Chief Judge Joseph Goodwin of the United States District Court for the Southern District of West Virginia in Charleston ruled in favor Wednesday of a preliminary injunction against single-sex classes at the school. Goodwin said the classes would be halted for the 2012-13 school year and replaced by coeducational classes by Monday.

Principal Steve Taylor said Thursday he already had been working on the coed schedule in anticipation of the judge's ruling. Taylor said he must input the new schedule into the school's computer system and then allow the program to "shuffle" the students and place them into the new classes.

"It's not as simple as just moving them to another class. They all have to be coded again. The whole thing has to be rebuilt," he said.
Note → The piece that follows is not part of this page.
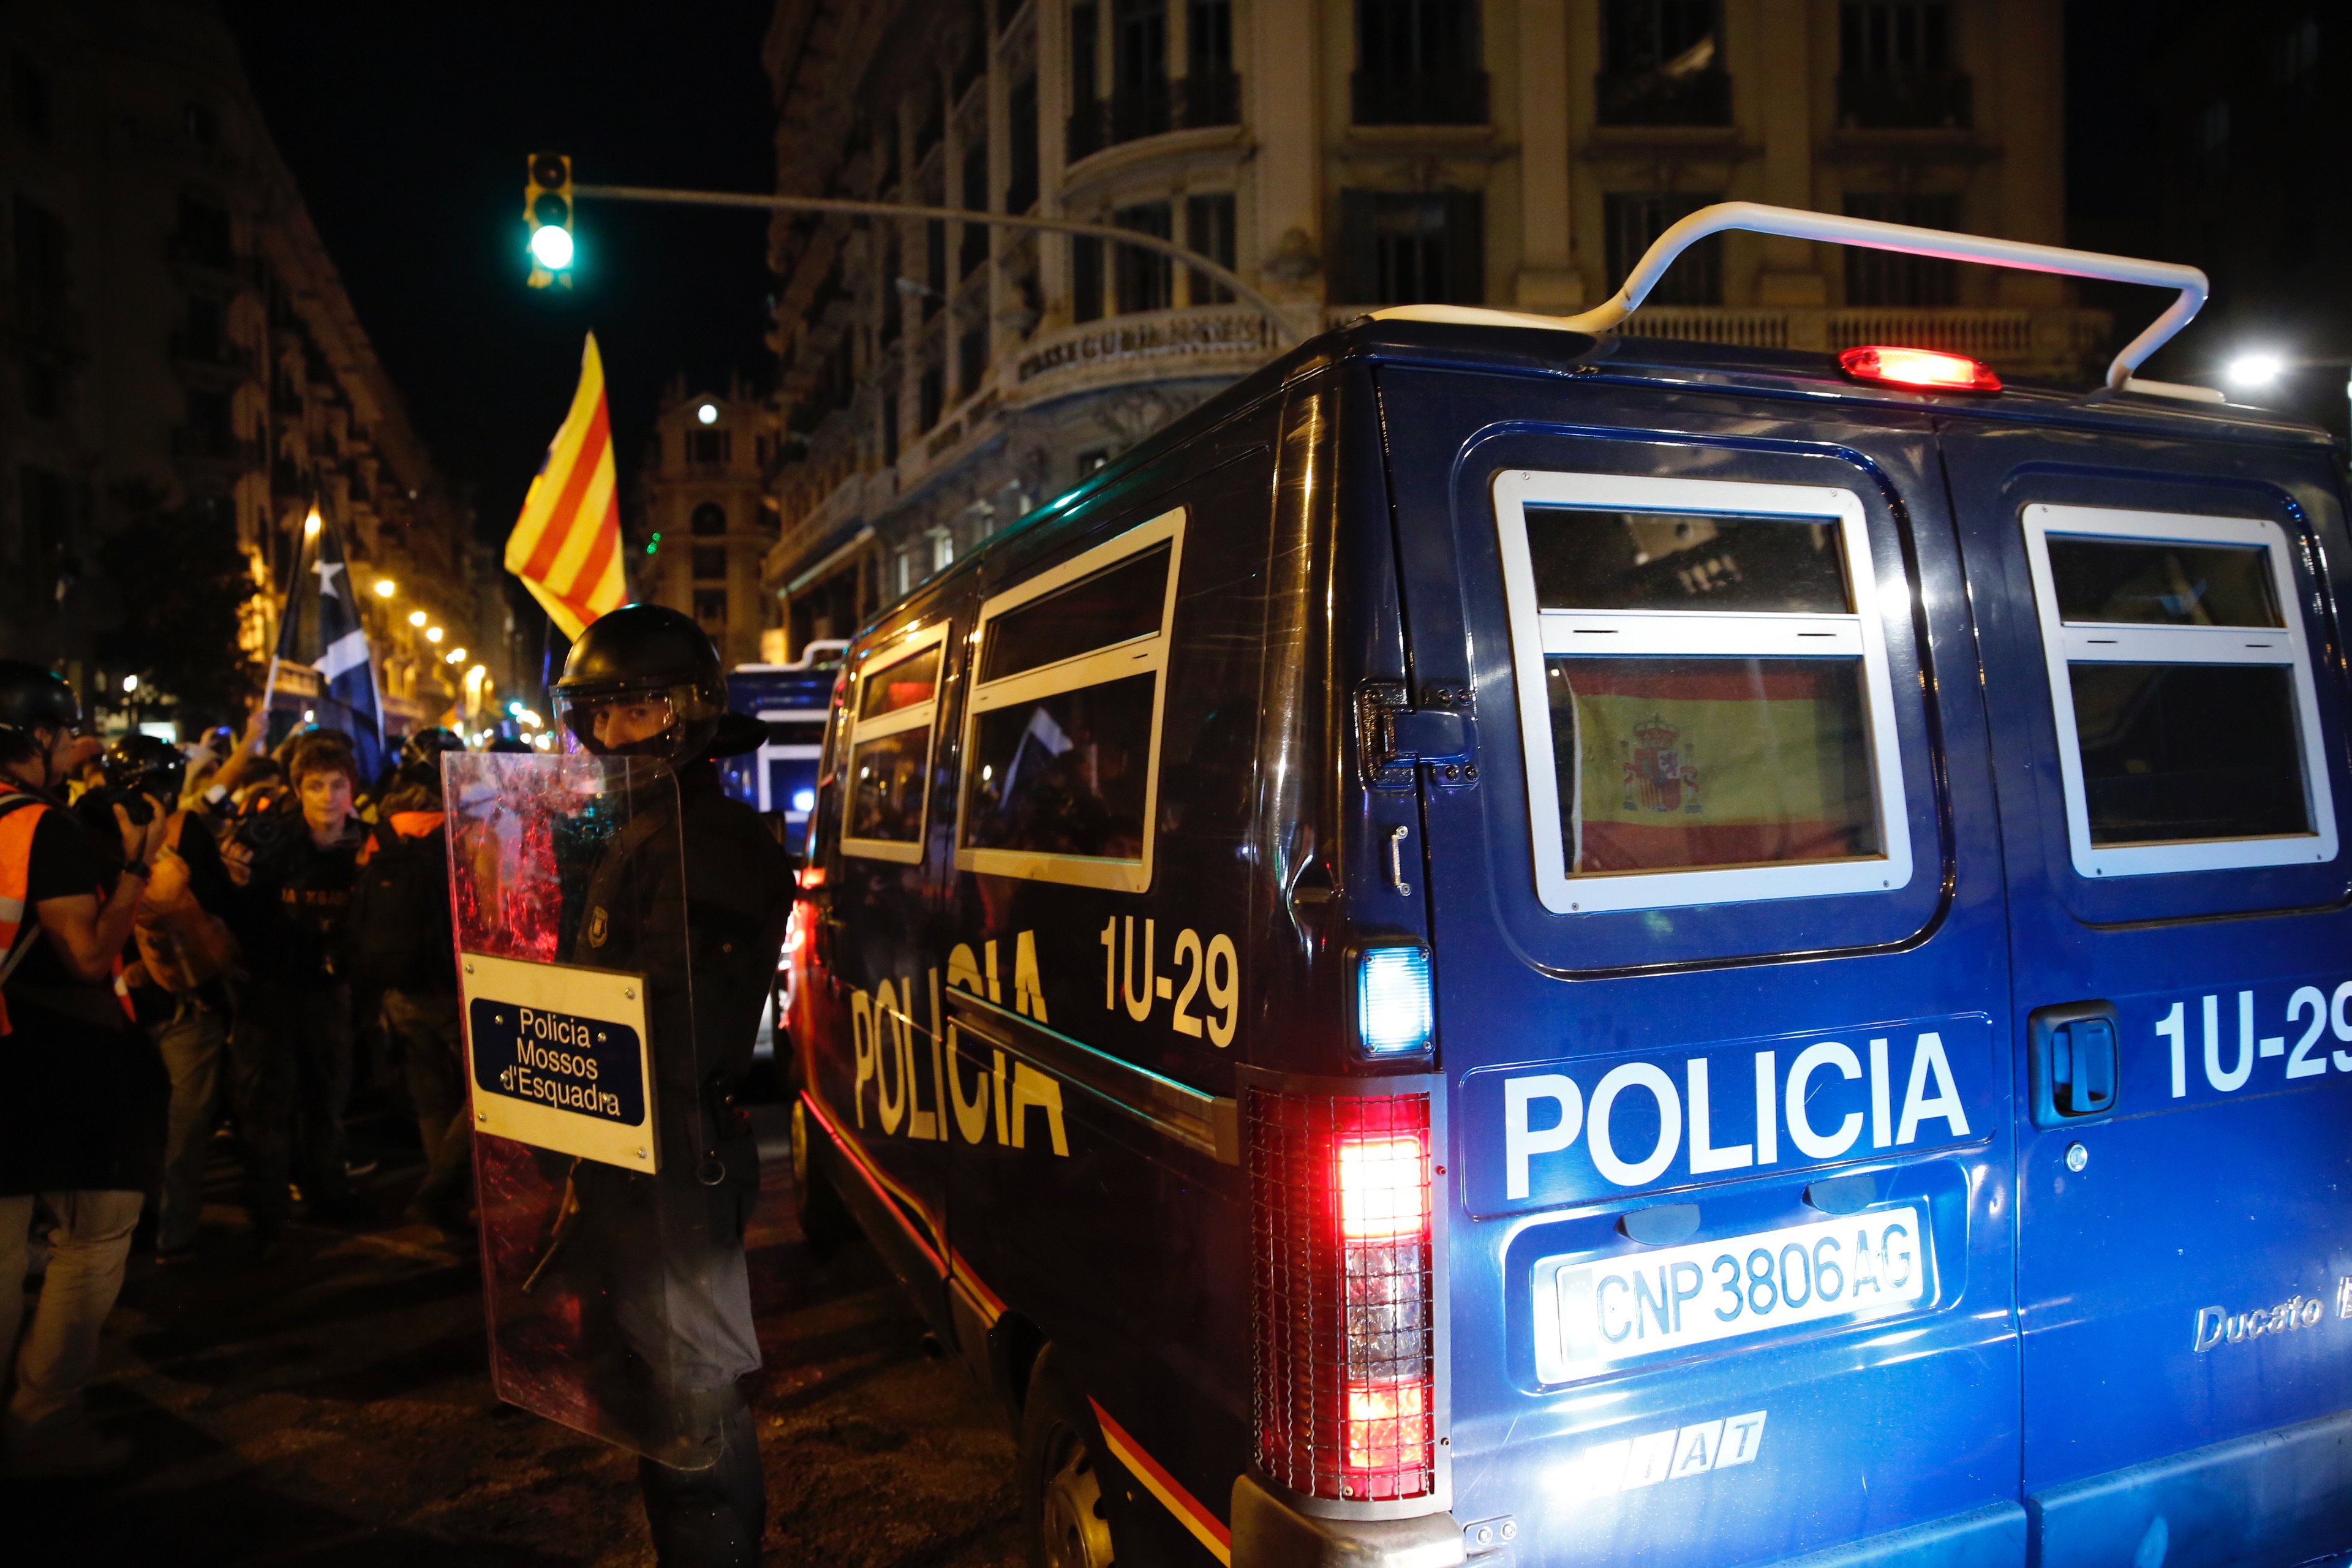 El Ministerio del Interior refuerza el dispositivo policial por la visita del Rey a Catalunya
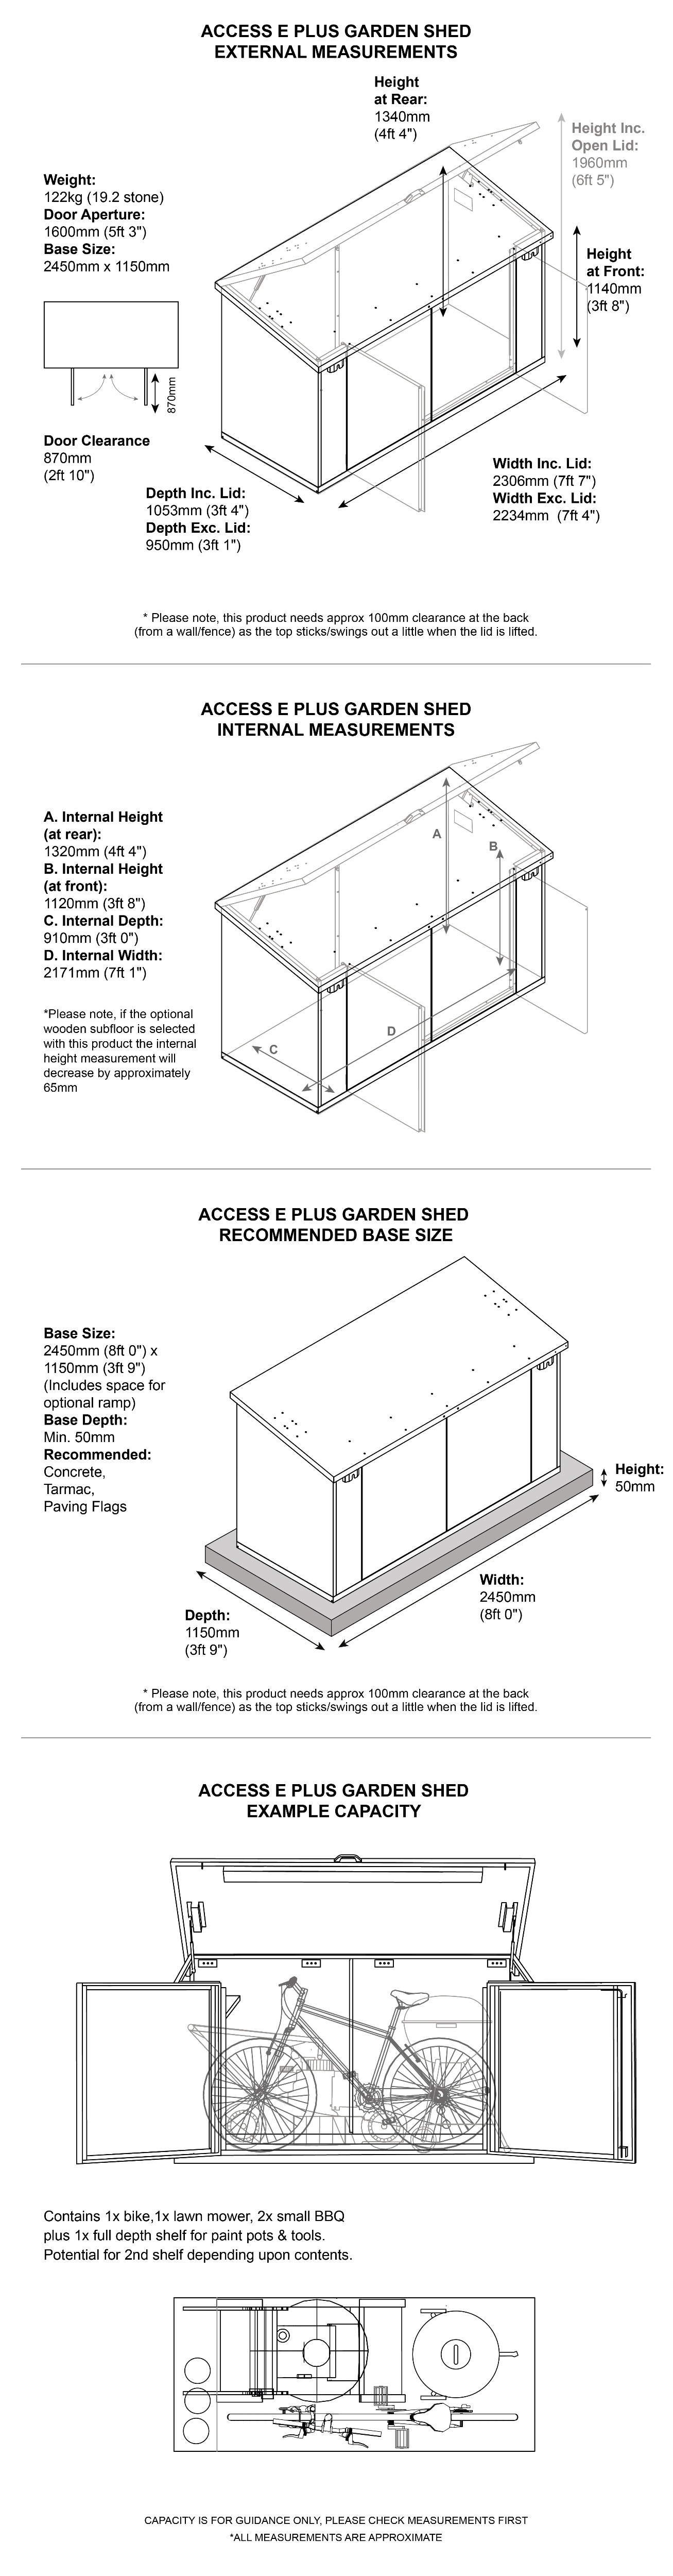 Access E Plus Garden Dimensions

Taylor said he was meeting after school Thursday with teachers. The change will affect 17 of the school's 28 teachers. Taylor also plans to meet today with each grade level at the school and explain the change.

School is closed Monday for Labor Day, but Taylor said when they return Tuesday the students will be in new classes for math, English, science and social studies. The change does not affect those classes that already were coed.

Taylor also said the switch would not affect any funding at the school. Initial training for sixth- and seventh-grade teachers was paid for through a two-year grant, which ended in the spring.

"That's why we did training for our eighth-grade teachers this year in-house," he said.

Taylor said though the injunction is disappointing, he was pleased Goodwin left the door open for the school to revisit the program. In his published opinion, Goodwin indicated the program would be legal if the school and school system corrected certain issues, and could pursue implementing the classes after the 2012-13 school year.

"It kind of leaves the door open," Taylor said. "Right now we are going to focus on the coed classes, and after we get back into the routine with those, I will sit down with the staff and see if (single-gender classes) are anything they want to pursue in the future."

Officials with the school and school system declined a request by the newspaper to take pictures Thursday in a gender-specific class. Superintendent Pat Law cited continued litigation concerning the program.

Brenda Green, executive director of the ACLU of West Virginia, said Wednesday lawyers would be reviewing the judges opinion on the temporary injunction and how it might affect the lawsuit, but for now the lawsuit was unchanged and would continue forward.